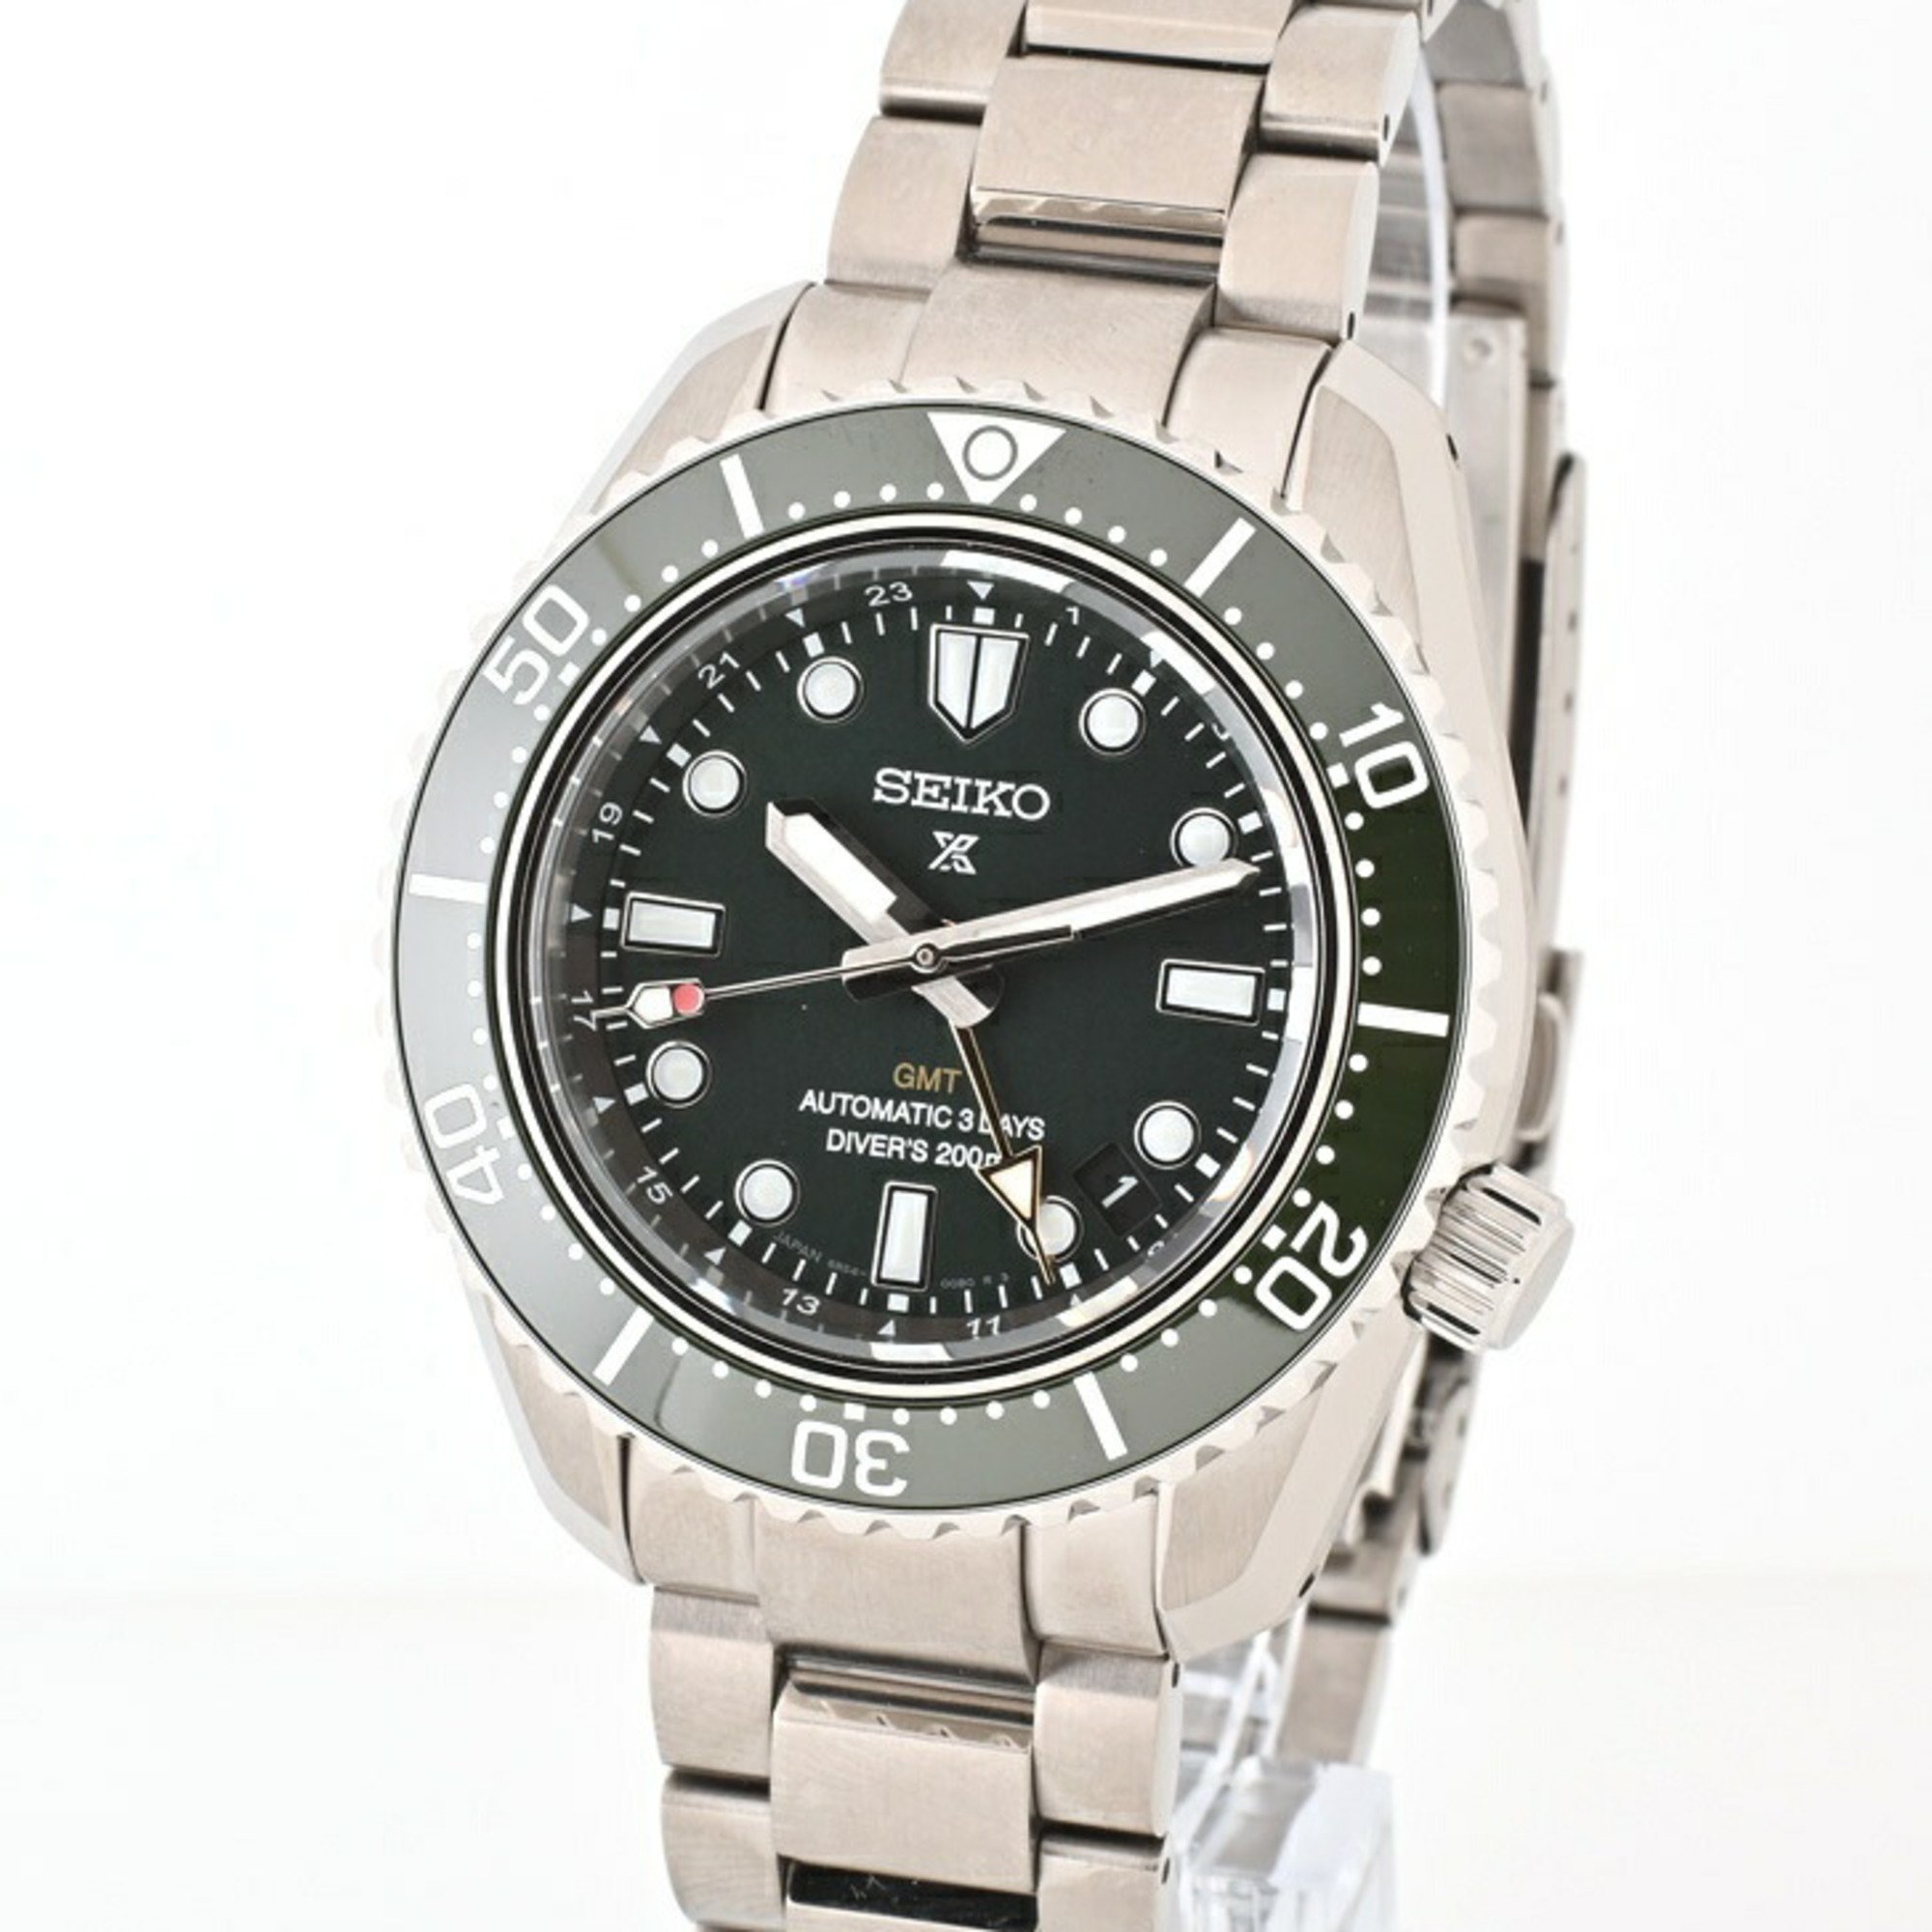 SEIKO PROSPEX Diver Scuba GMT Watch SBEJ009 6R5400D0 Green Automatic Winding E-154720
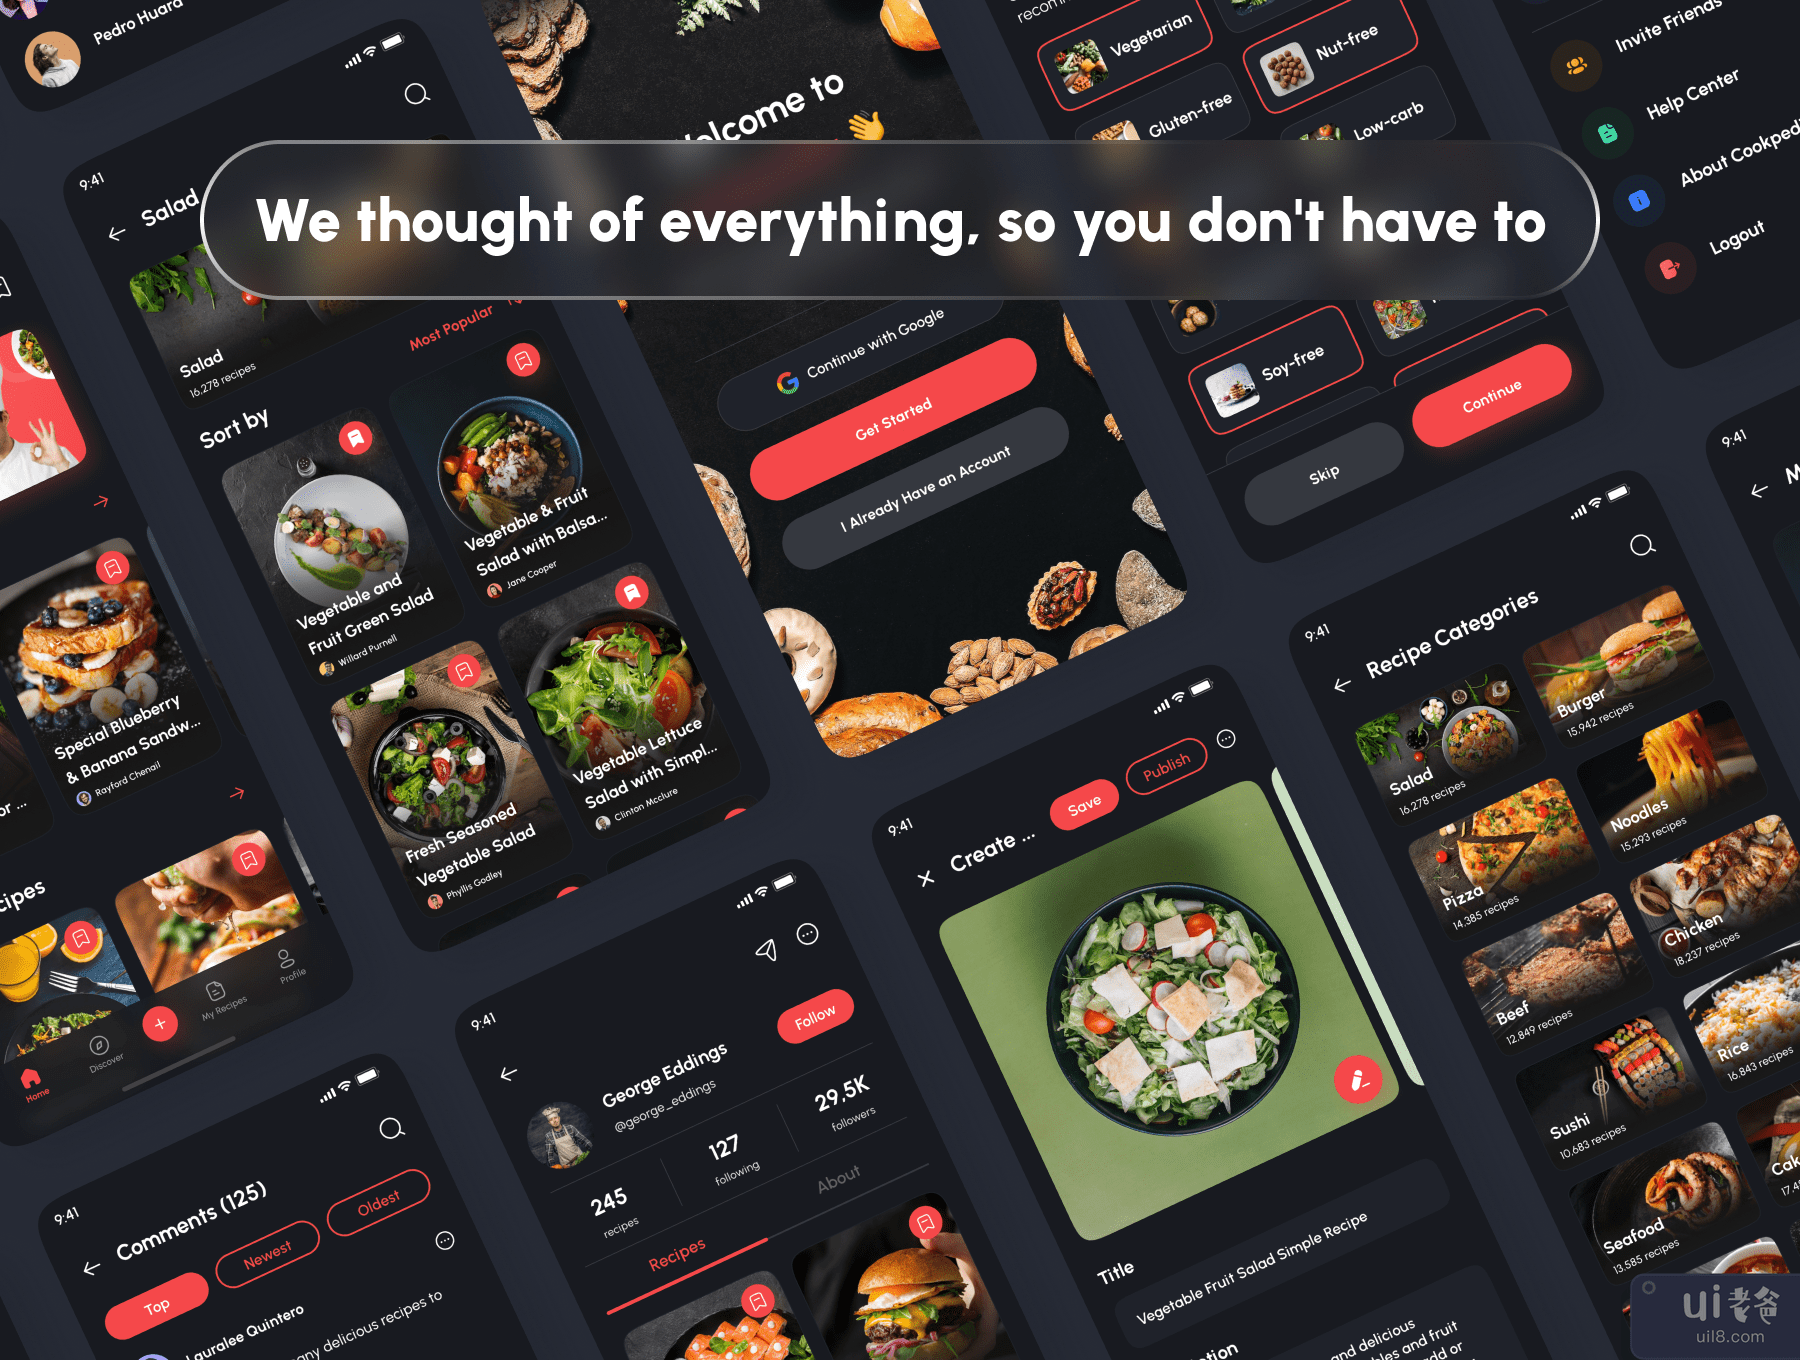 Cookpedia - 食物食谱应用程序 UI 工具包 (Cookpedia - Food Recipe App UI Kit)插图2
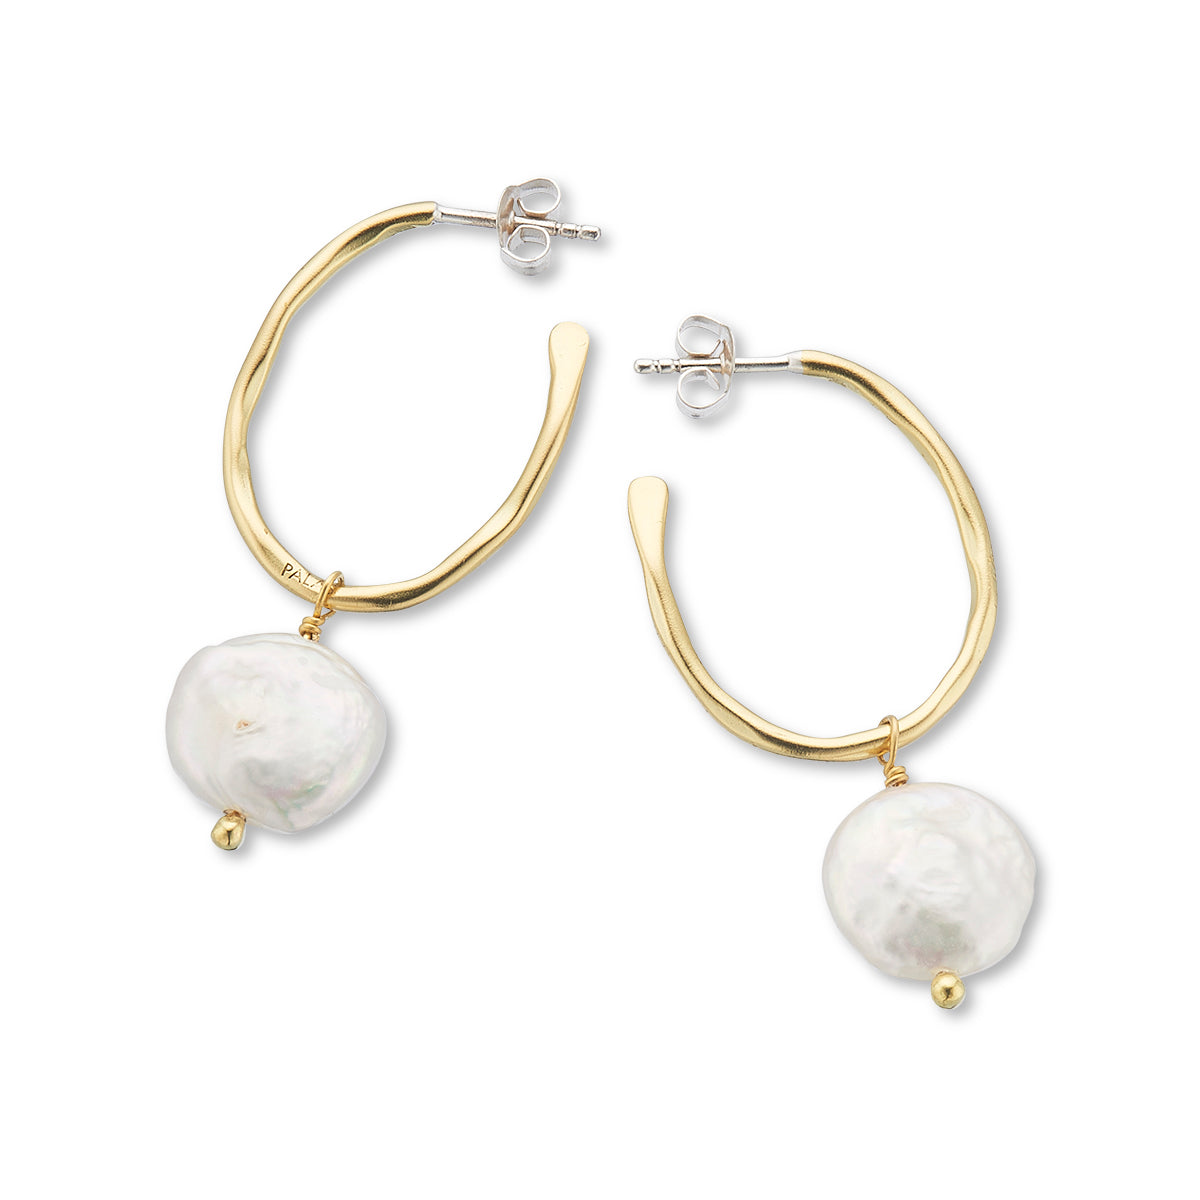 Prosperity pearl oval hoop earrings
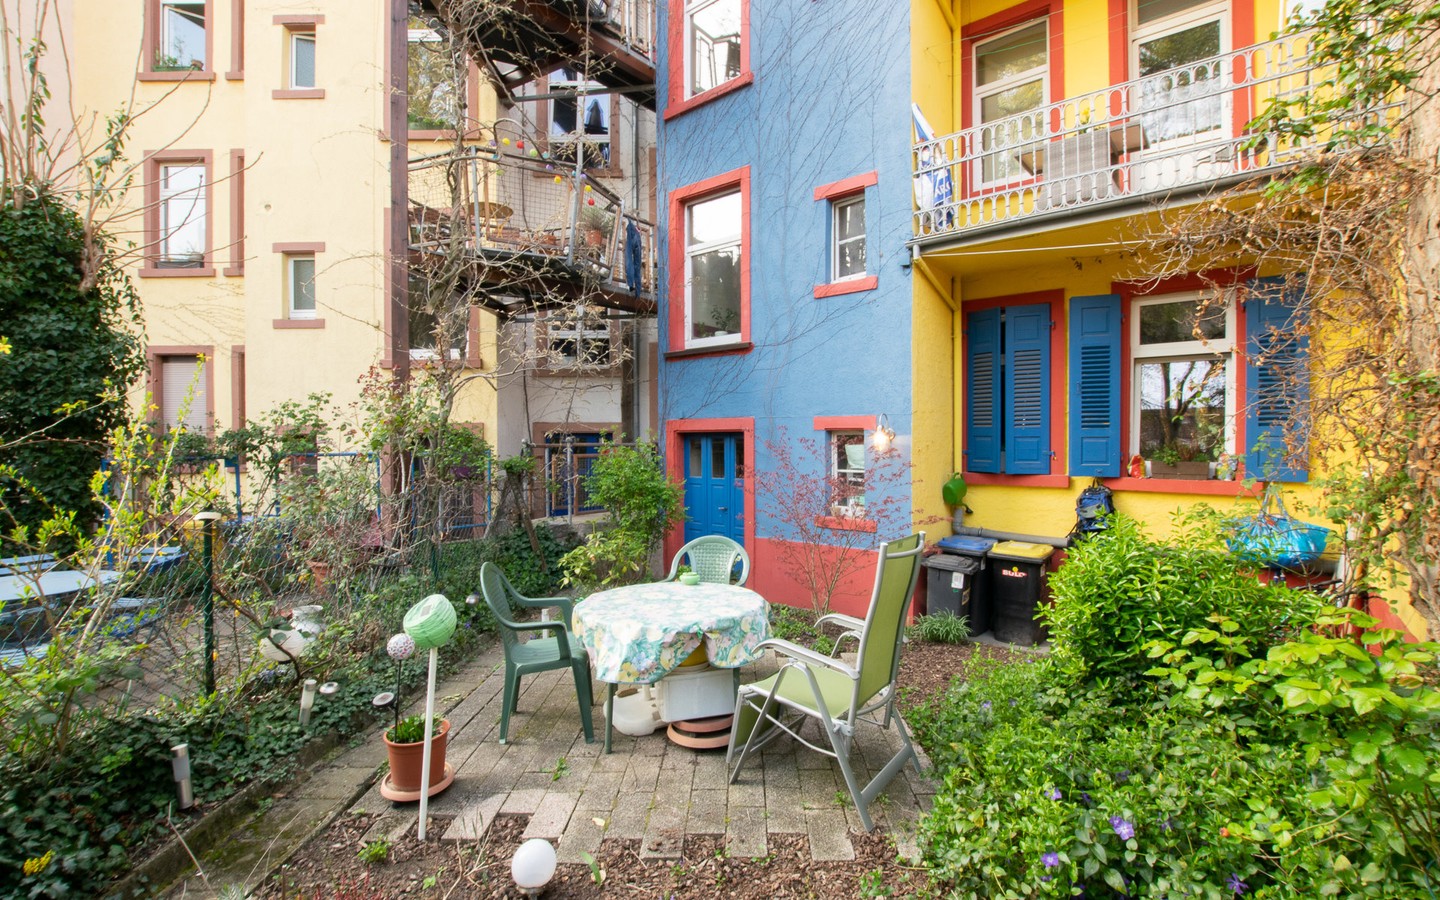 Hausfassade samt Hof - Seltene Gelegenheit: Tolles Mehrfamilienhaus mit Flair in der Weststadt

—————

Work item:
Transcribe the full listing exactly, but keep every image out of it.

The completed task:
 SEIKO PROSPEX Diver Scuba GMT Watch SBEJ009 6R5400D0 Green Automatic Winding E-154720
 Cookpedia - 食物食谱应用程序 UI 工具包 (Cookpedia - Food Recipe App UI Kit)插图2
 Prosperity pearl oval hoop earrings
 Hausfassade samt Hof - Seltene Gelegenheit: Tolles Mehrfamilienhaus mit Flair in der Weststadt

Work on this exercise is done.